Throughout this study, we use the gamma distribution for generating burst amplitude peaks, but other distributions were tried. Using the BLA gamma LFP across multiple subjects (Dataset 2), we examined how the type of analytical distribution affected fit quality. Optimizing burst amplitude peak distributions with exponential or lognormal forms (instead of gamma) provided similar fits for the distributions (ANOVA on DKL, F(2,18)=0.38, p=0.69) and similar match for the gamma signal bump in the PSD). The fact that multiple forms of synthetic burst amplitude peak distributions perform equally well suggests that the number of burst atoms and their amplitude peak distribution cannot be determined uniquely from gamma power expressed in the PSD.
Detection of oscillatory bursts
We now demonstrate the synthesis algorithm and ROC analysis to evaluate oscillatory burst detection. We use the data already presented in Figure 2 as our example.

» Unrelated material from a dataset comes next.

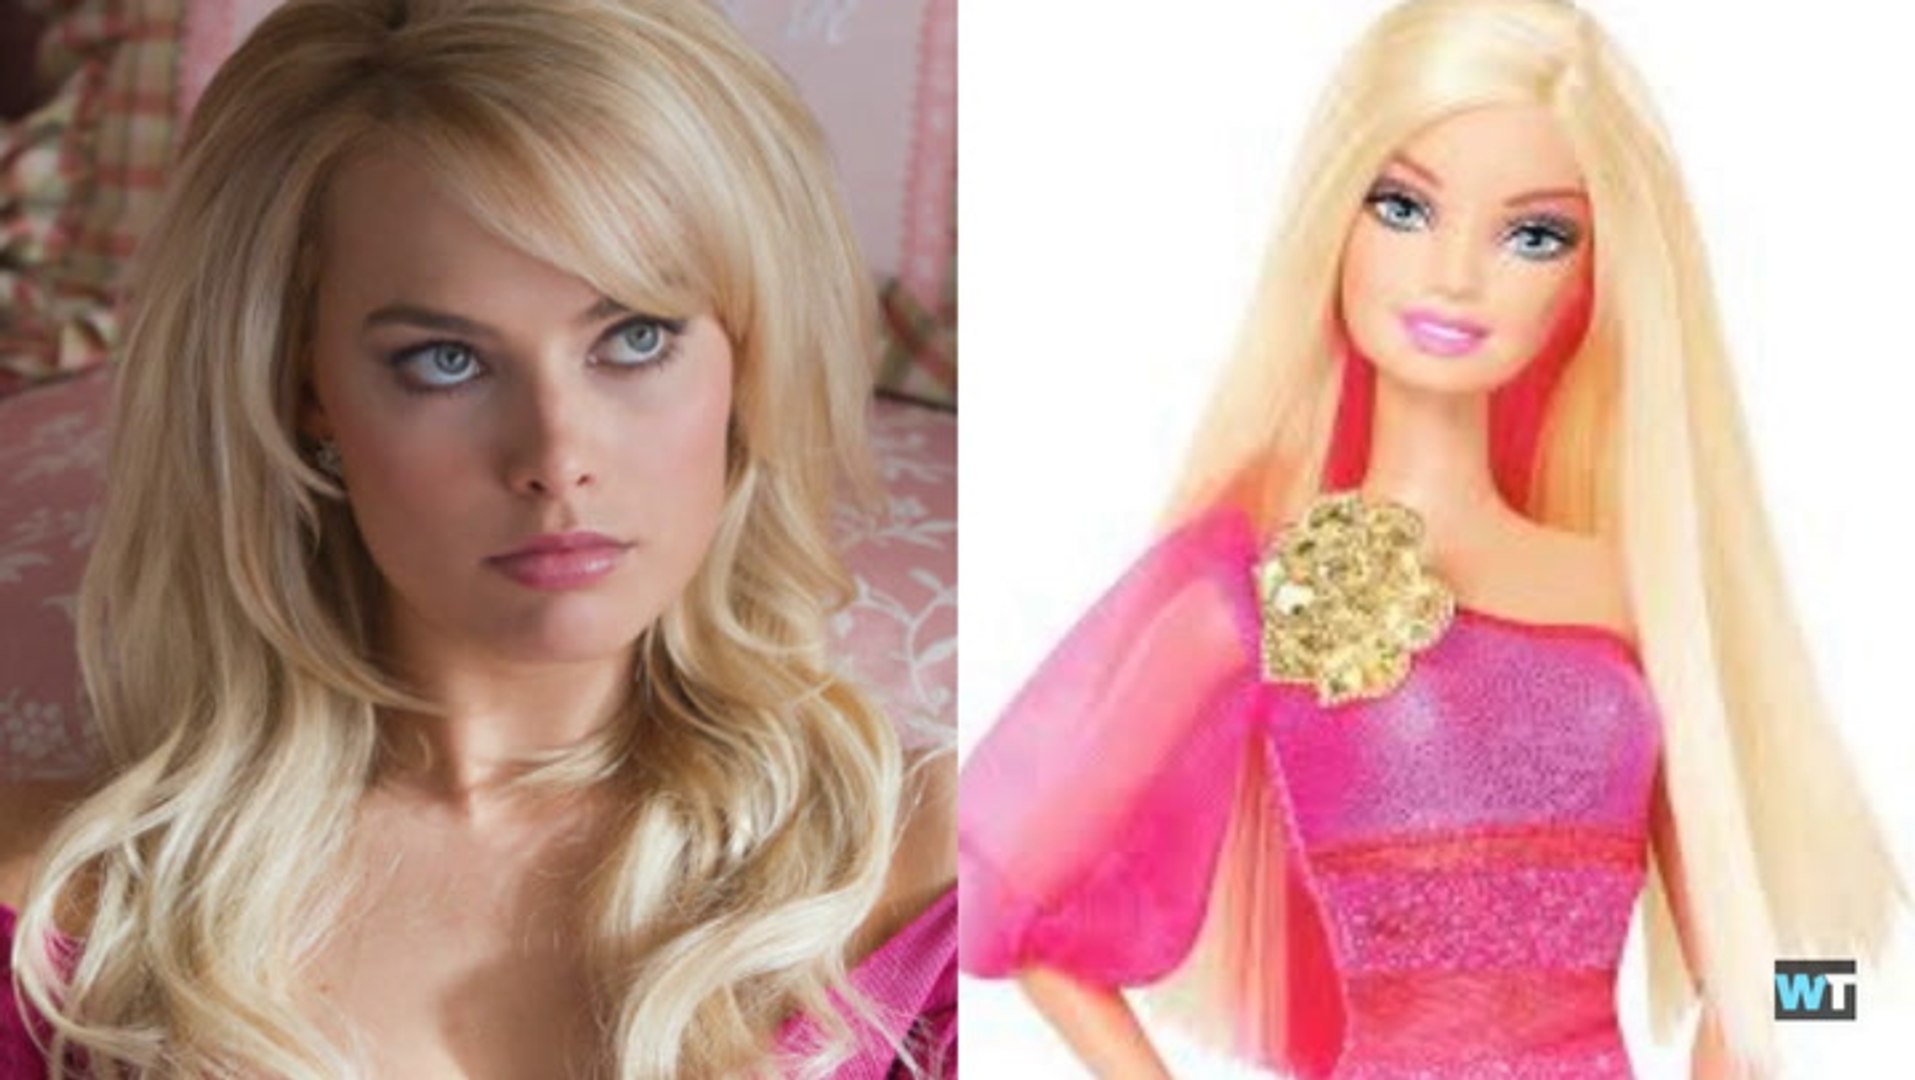 Play Barbie in 2020 Mattel Film

Detection of gamma bursts in the BLA.
The BLA recording from a subject in DataSet-1 was used to demonstrate the algorithm for evaluating the detection of oscillatory bursts in the LFP. Figure 2 shows the three key synthetic traces generated from this data set: background trace (Fig. 2A), signal trace (Fig. 2B), and the composite trace formed by combining them (Fig. 2C). For determination of salient bursts in the signal trace, the lower bound, θL, was 23.6μV, while for illustrative purposes the upper bound, θU, was set to 42.7μV (Fig. 2B; 2 Z-score of background instantaneous amplitude). Using a 1 Z-score detection threshold on the composite trace captured most of the TP peaks, but also some FP peaks (Fig. 2C). Peaks classified as true, false, and intermediate could overlap in their amplitude, but with a greater proportion of false peaks having a low amplitude, true peaks a high amplitude, and intermediate peaks in between (Fig. 2D). This plot highlights the probabilistic nature of classification. ROC analysis uncovered that the optimal detection threshold yielded over 80% TP and less than 20% FP for both burst amplitude peaks and instantaneous amplitude (Fig. 2E).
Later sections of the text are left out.